Lyndal: Yeah, so I wanted to know, you know to begin with, so much! And then I kind of tunnelled it down into what was actually possible. So I chose to, what the research told me was, there was a small amount of research that looks into social workers who resist when faced with these kind of challenges and I called it ‘Covert Workplace Activism’. I looked at what existed within our profession and there was really nothing. So our profession talks a lot about activism, we kind of ‘bang on’ about it all the time, but there’s very little research that actually explores what does it mean to promote social justice.

Our codes of ethics across, you know, most of the codes of ethics that are member countries of the IFSW, tell us that we actually are required, not just to kind of agree with these things in principle, but to actually implement them. But no one really tells you how to do that, and we don’t have research that tells you how to do that, we just talk about it as being a really great thing. And I guess that kind of bugged me, made me sort of think, as an academic myself, we’re training people up to, we inspire them in our lectures about this stuff, about the values, we fire them up and send them out there, and I felt bad for them. I felt that, that was an unfair thing to do without sort of providing you know a context around, this is going to be tough, and here are some concrete things you can do. So that led me to kick off to kind of explore not just what people were doing but why they were doing it.

So, what their motivations were, and how they were doing it and then ultimately to try and build a picture of who are this group of workers, what can we learn about their identity, are there similarities, are their differences, just sort of build like a, I ended up building a typology of a contemporary activist. And then I guess I’ve got so many more questions about is this contemporary radical practice, is this what it looks like now, because of course years ago when we thought about radical practice we thought more about overt kinds of responses, so going on marches, staging protests, joining with other existing groups, that kind of thing.

Trish: So really, is about that observation of social work being a changing profession and adjusting to the environment in which we work and how that affects our practice as well.
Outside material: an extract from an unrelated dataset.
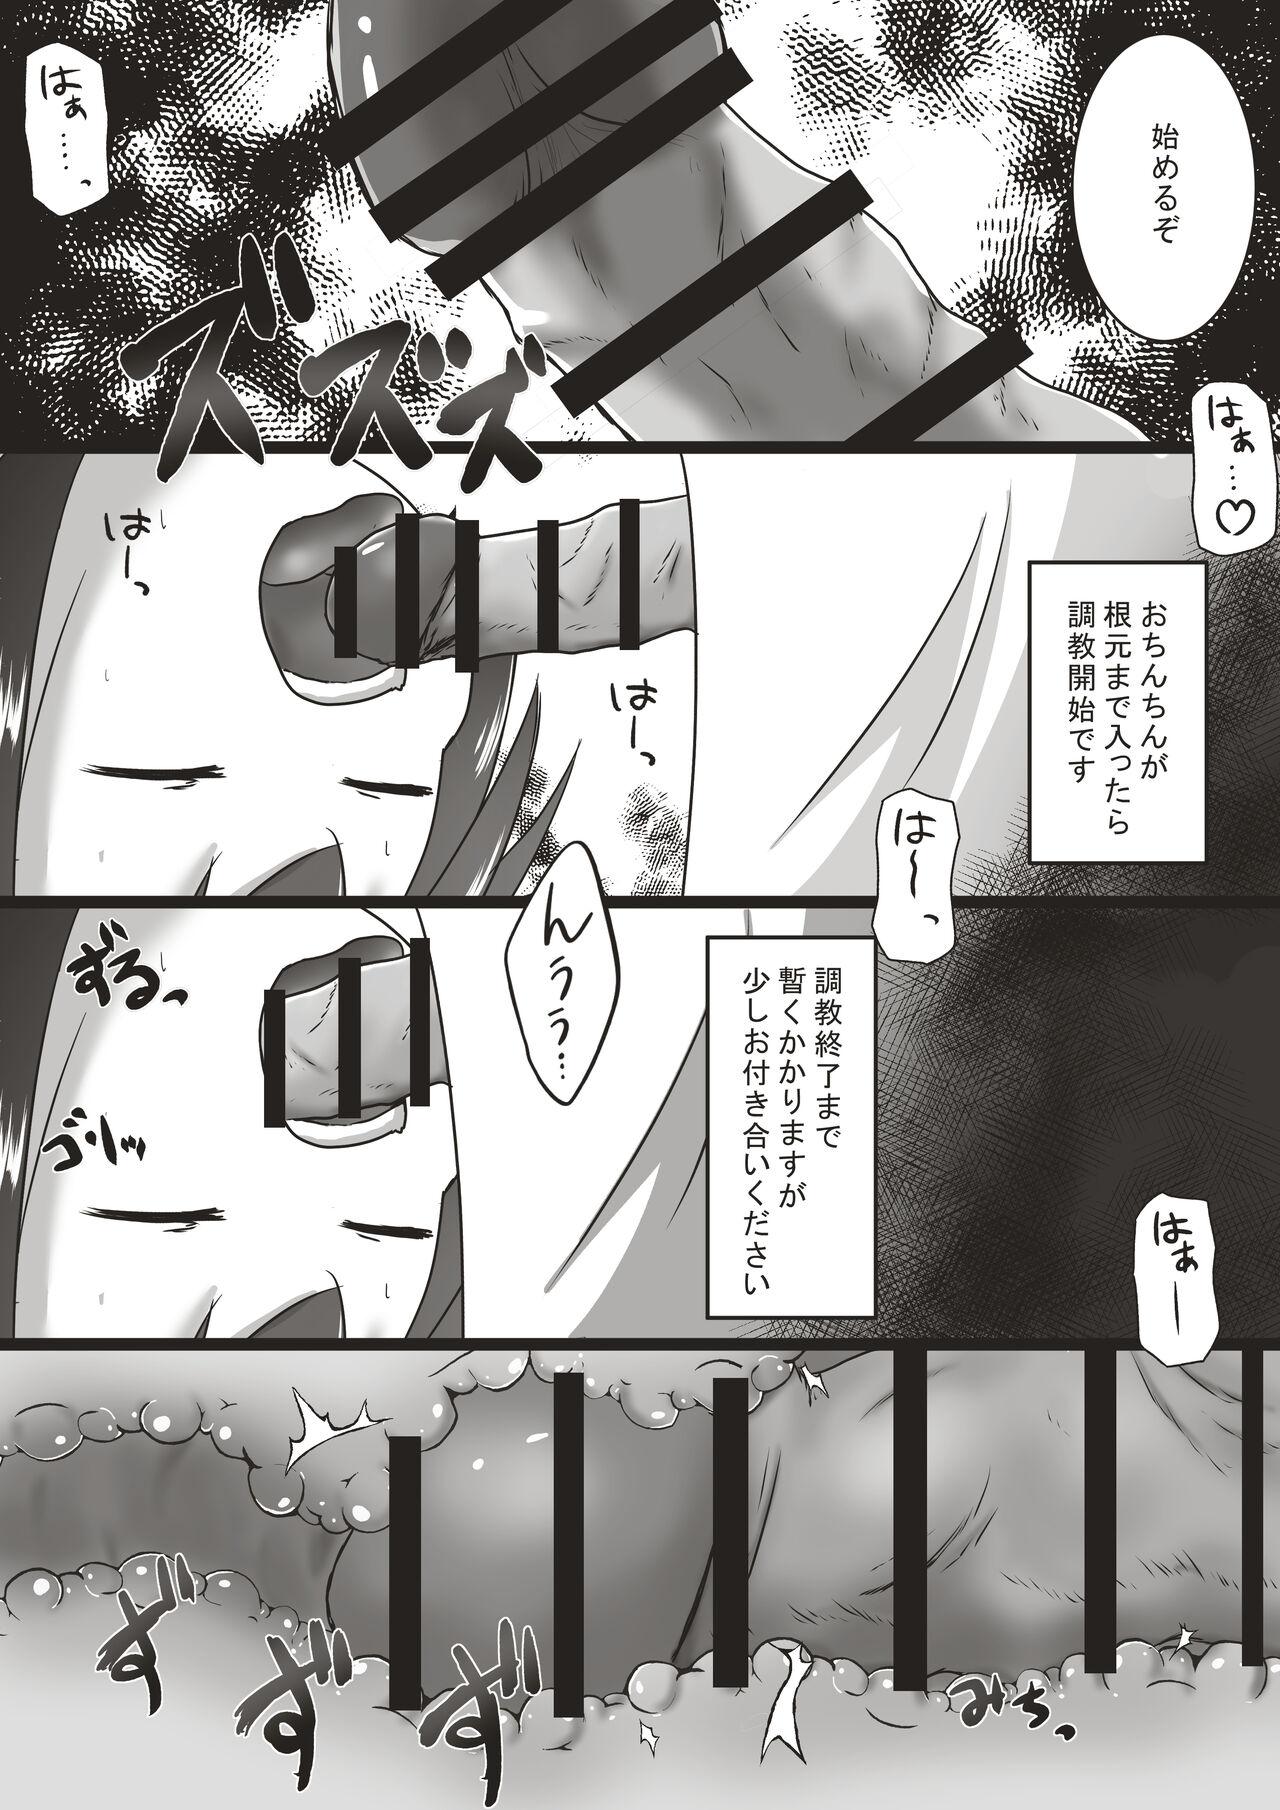 Cosplay Kōhaku-sōna ko o nodo oku shasei sen'yō no kuchi benki ni chōkyō suru ohanashi - Original Bang Bros - Page 11

Lyndal: Definitely, definitely, so you know, is the radical project dead? Is it something that we look back on fondly with kind of a little bit of humour about gee wasn’t that kind of cute? That’s sort of what I was getting from people I was talking to. But then when I looked into this kind of practice I thought that maybe this is the contemporary form of that, like we know that we sign agreements with our employers now that we can’t publicly make statements about you know, what’s going on, we get in trouble if we do that. So, if you want to keep your job and you want to help your clients, how do you do this? And the answer that I found with this group of workers, and that other researchers around the world are finding, is that people have just gone underground. So, one of my participants called it, she was in the closet, she was a closet radical, and I think that interests me, that contemporary, radical practice.

Trish: So, what were they doing?

Lyndal: What were they doing? That’s the million dollar question. So, they were doing exactly the sorts of things that a couple of other studies, mostly from Canada, have looked into. Things like acting in opposition to directions, so saying ‘yes, sure manager, I’ll go ahead and do that’, but then having no intention to actually do that and sort of flying under the radar. Looking the other way when clients behave in certain ways that they weren’t supposed to behave in. So, an example of that would be someone in the field of mental health who had a client who was on an order and was not supposed to consume any drugs as part of that order to be in the community. And the client disclosed that they were smoking a bit of pot and the worker thought through that very carefully and decided that, that was, although that they were supposed to report that, that was not in their client’s best interest to do that.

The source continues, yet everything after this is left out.